No matter what happens, the Republicans win

While the 2012 presidential election has been one of the most interesting and hotly-contested political elections in recent memory, its results probably won’t matter.

Either way, Democrats lose.

Worst-case scenario for Republicans: Let’s say President Barack Obama wins and assumes the presidency for another four years.

Even if they do not win majority in Congress, as most polls suggest, the GOP has controlled the House since 2010’s mid-term elections and will have enough clout in the Senate to complicate Obama’s agenda.

An Obama win will unanimously translate into a stagnant economy, slow economic growth and lethargic gains for another four years. Has he given us any reason to believe his second term will be immensely different from his last? Has he told us he’d change his government-loving national embellishment?

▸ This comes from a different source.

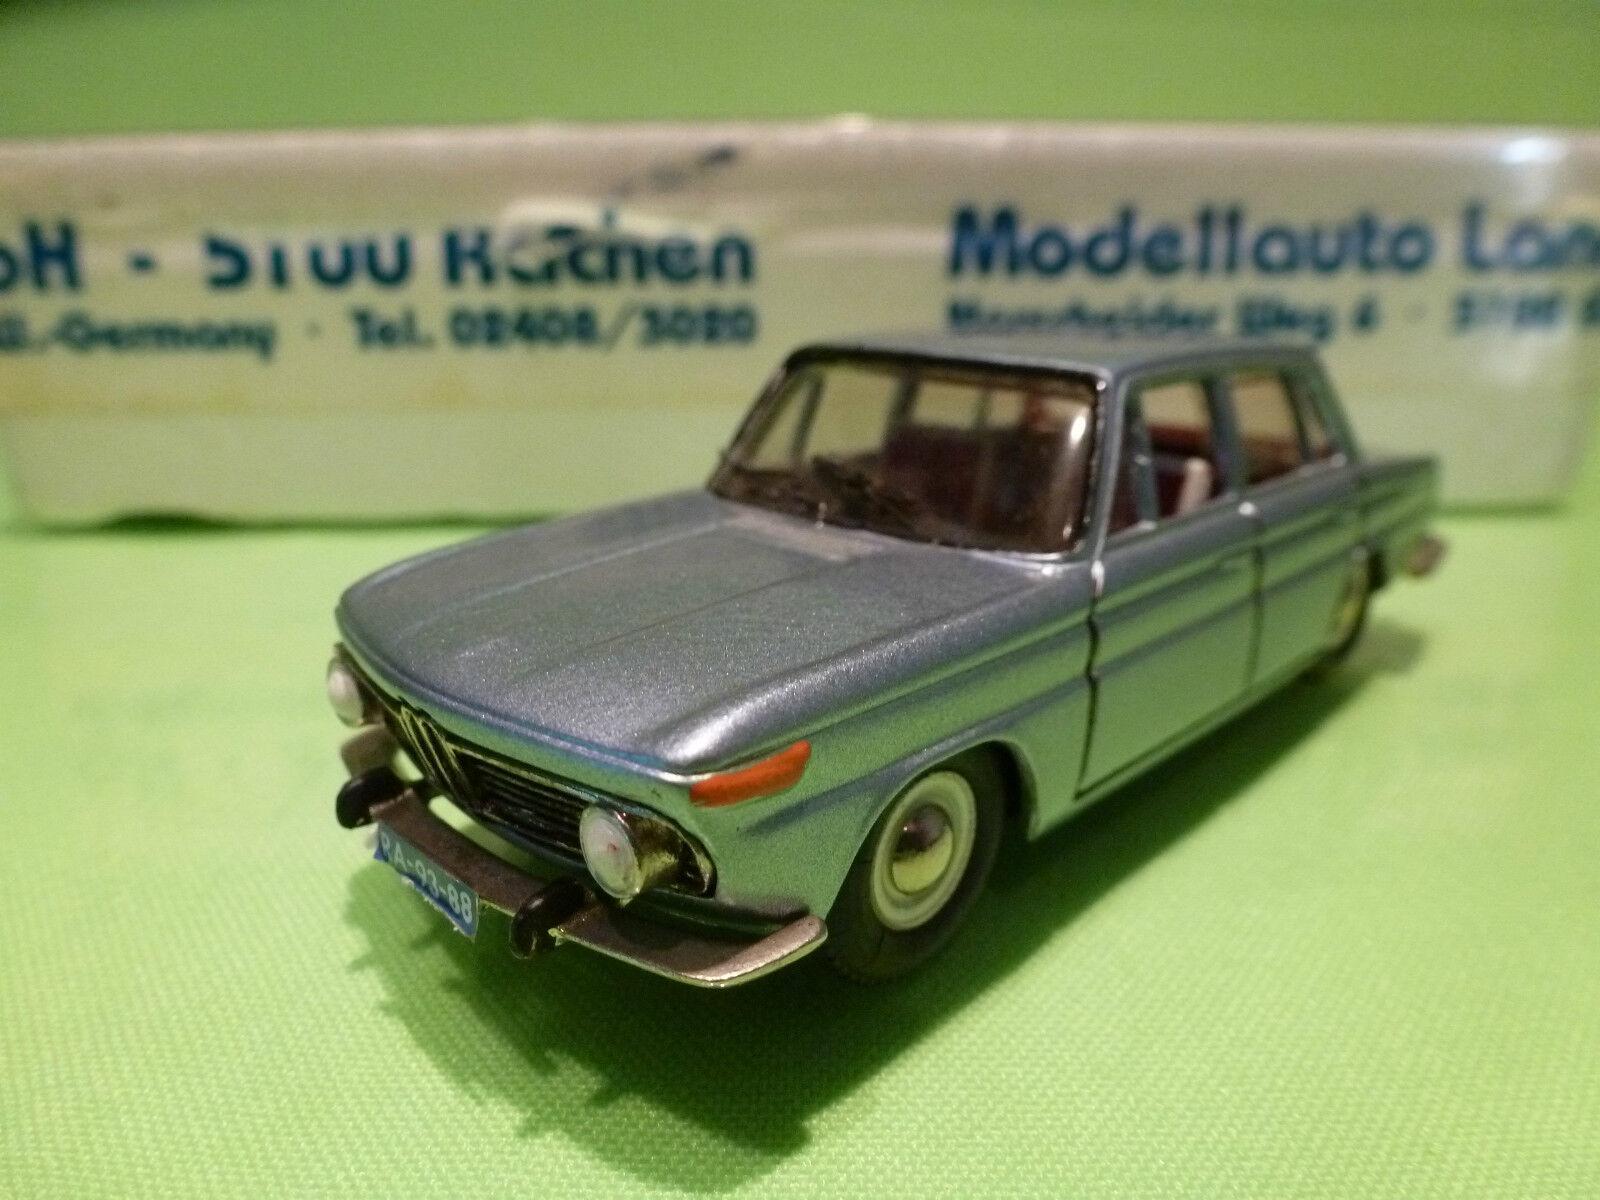 METAL BUILT KIT DANHAUSEN TIN WIZARD BMW 1500  1 43 - RARE SELTEN - VERY GOOD

At most, Obama will get his two cents with the Supreme Court by nominating a liberal-leaning justice.

I’ve said it before and I’ll say it again: The presidential race is not as important as voters think it is. Though the presidency and its enumerated powers have greatly expanded to an inconceivable degree, that is not where the heart of American politics is. The heart of American power lies within the legislative branch, a branch that is closest to the people it represents.

But what will America look like after another four years of Obama?

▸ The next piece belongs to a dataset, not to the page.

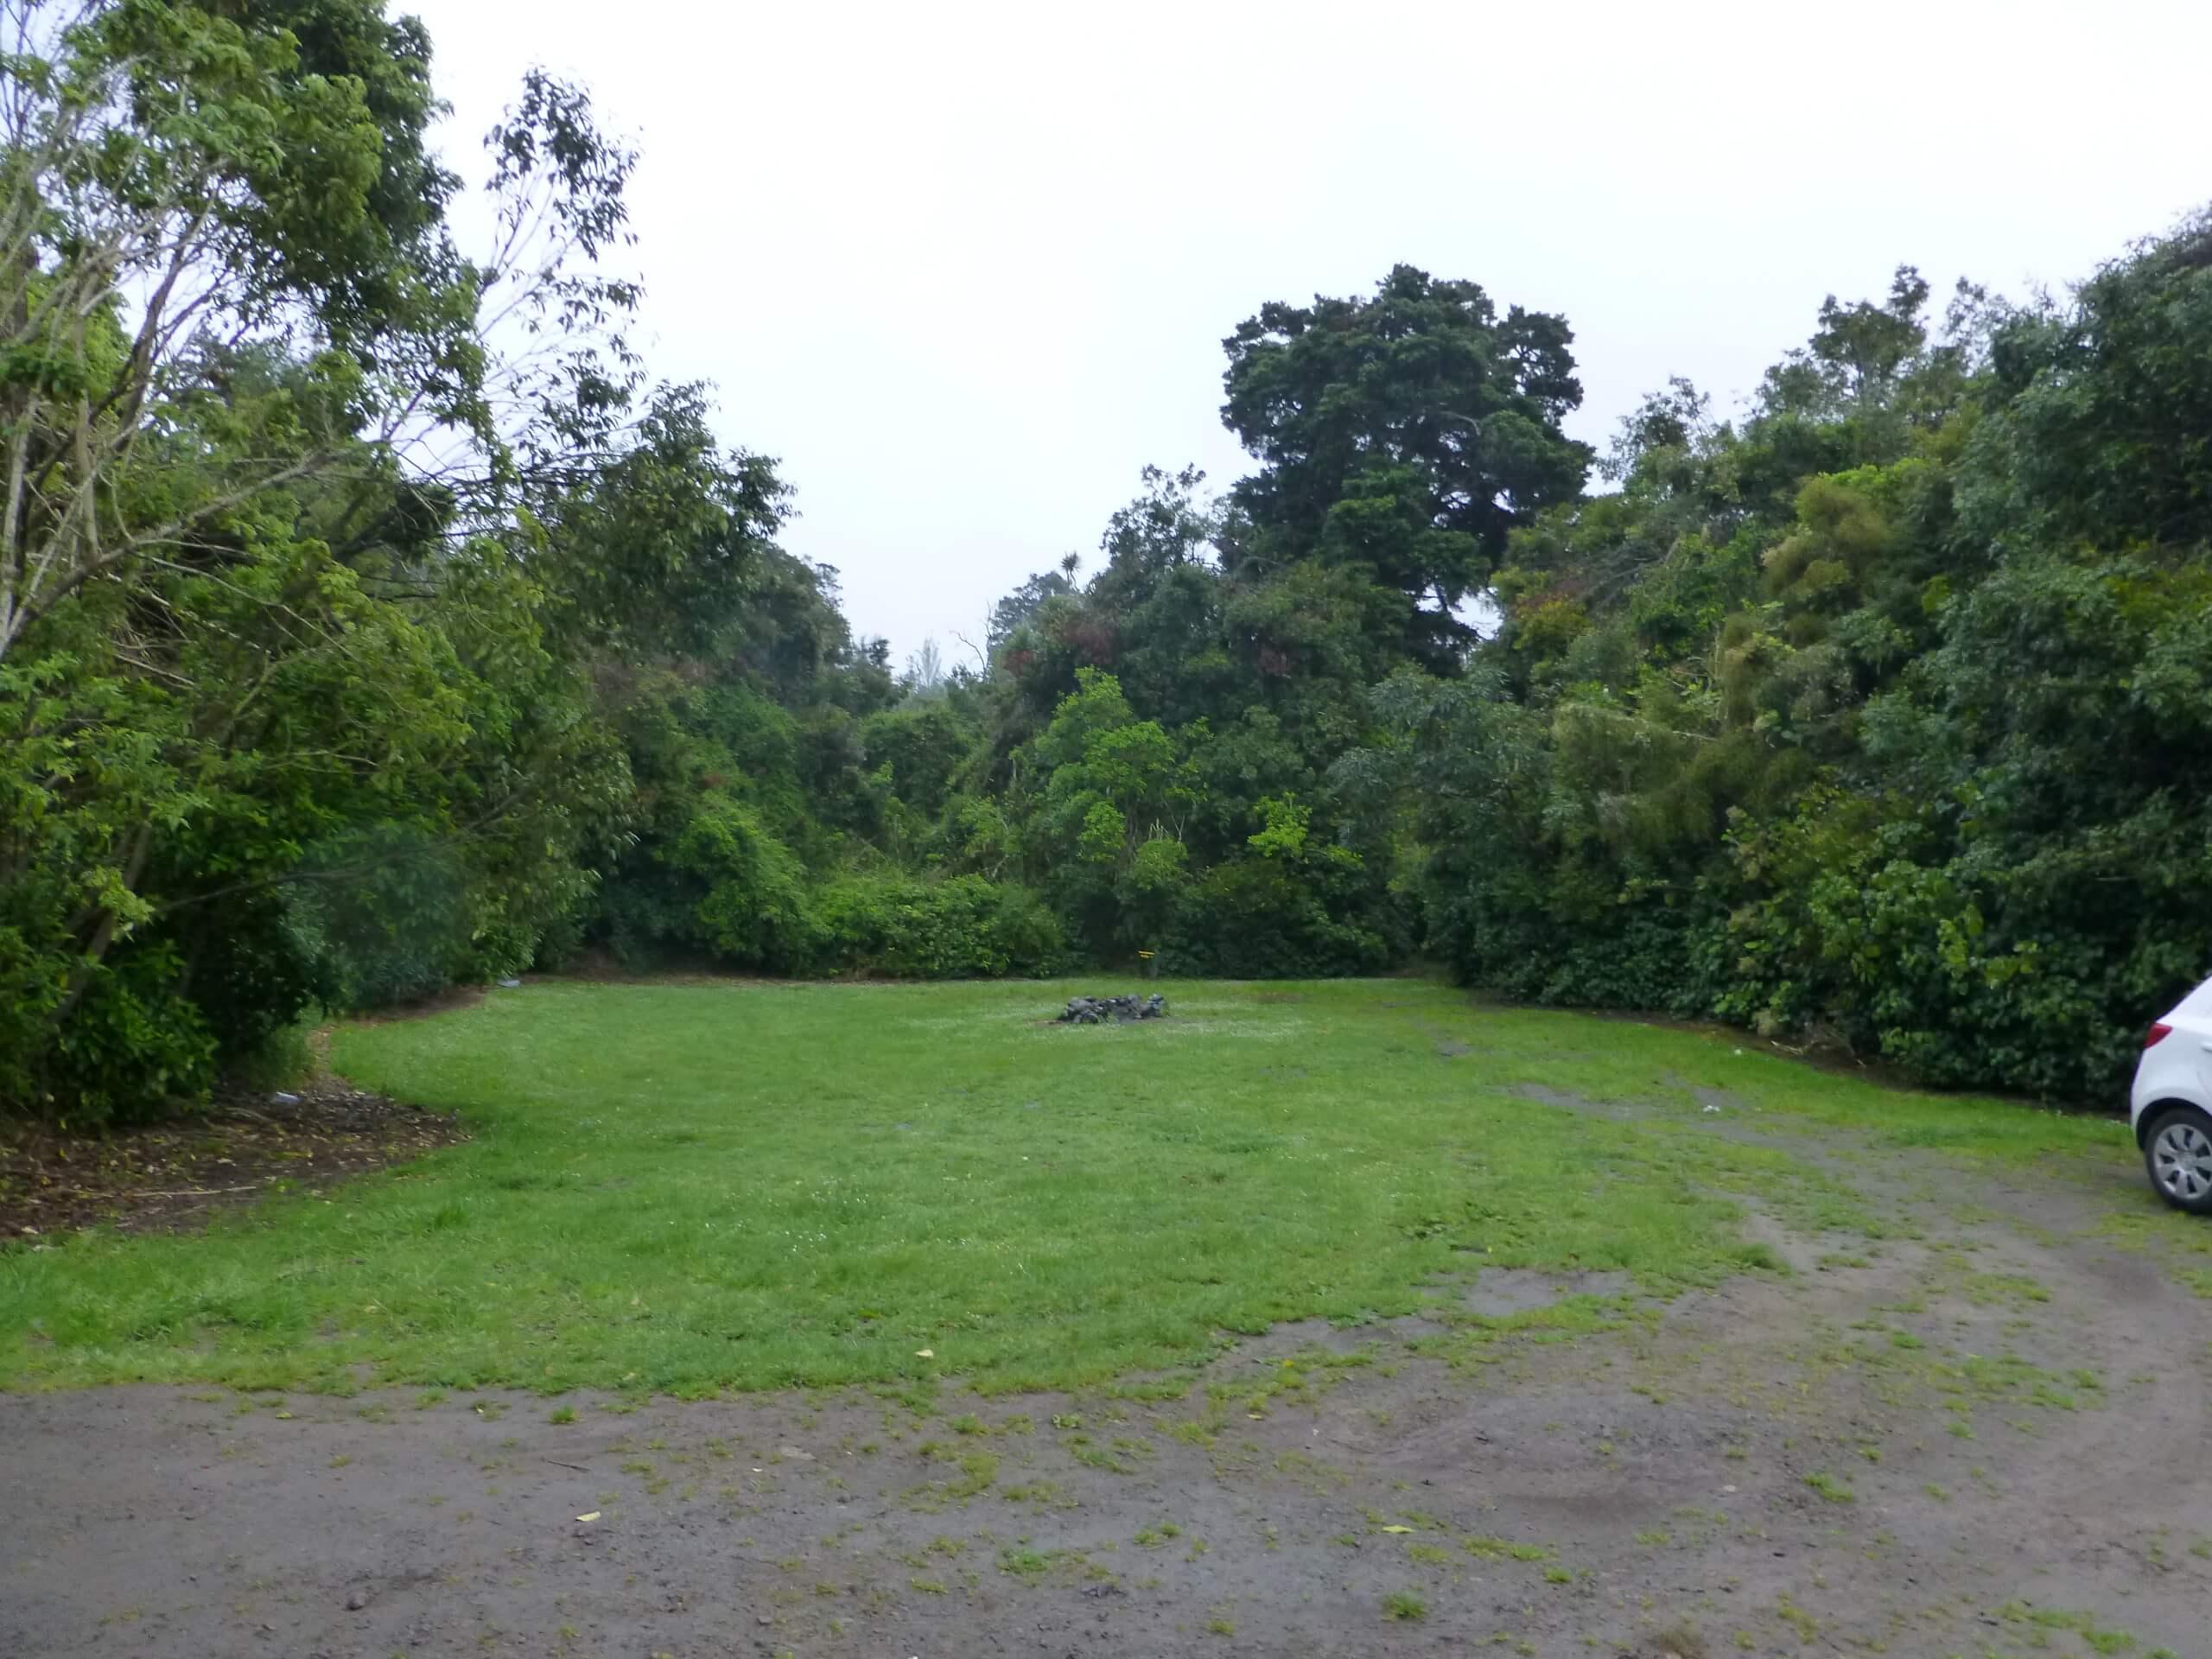 Campingplatz, PiriPiri 3, Weit weg reisen

The Democratic presidential candidates after Obama won’t be able to shy away from political scandals like Solyndra or Operation Fast and Furious. What successes will they be able to tout after Obama’s years of economic stagnancy?

Obama will have done exactly what former President George W. Bush did for him in 2008: He will guarantee a victory to the opposing political party’s candidate.

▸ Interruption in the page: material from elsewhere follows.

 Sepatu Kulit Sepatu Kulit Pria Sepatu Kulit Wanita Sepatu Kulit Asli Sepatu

Republicans will be able to do exactly what the Democrats did to them in 2008. They will successfully link Obama with 2016’s Democratic presidential candidate. Future Republican candidates will also campaign on a different kind of “hope” and “change.”

Not only could this be true, but 2016 could spell a Republican majority in both the House — where I do not see them losing any seats — and even the Senate — where I believe they will be able to gain some ground.

The Democrats will fall back into their roles as the criticizers — not the initiators.

Never before has such outright partisanship and clashing ideological precepts helped define the future of our country.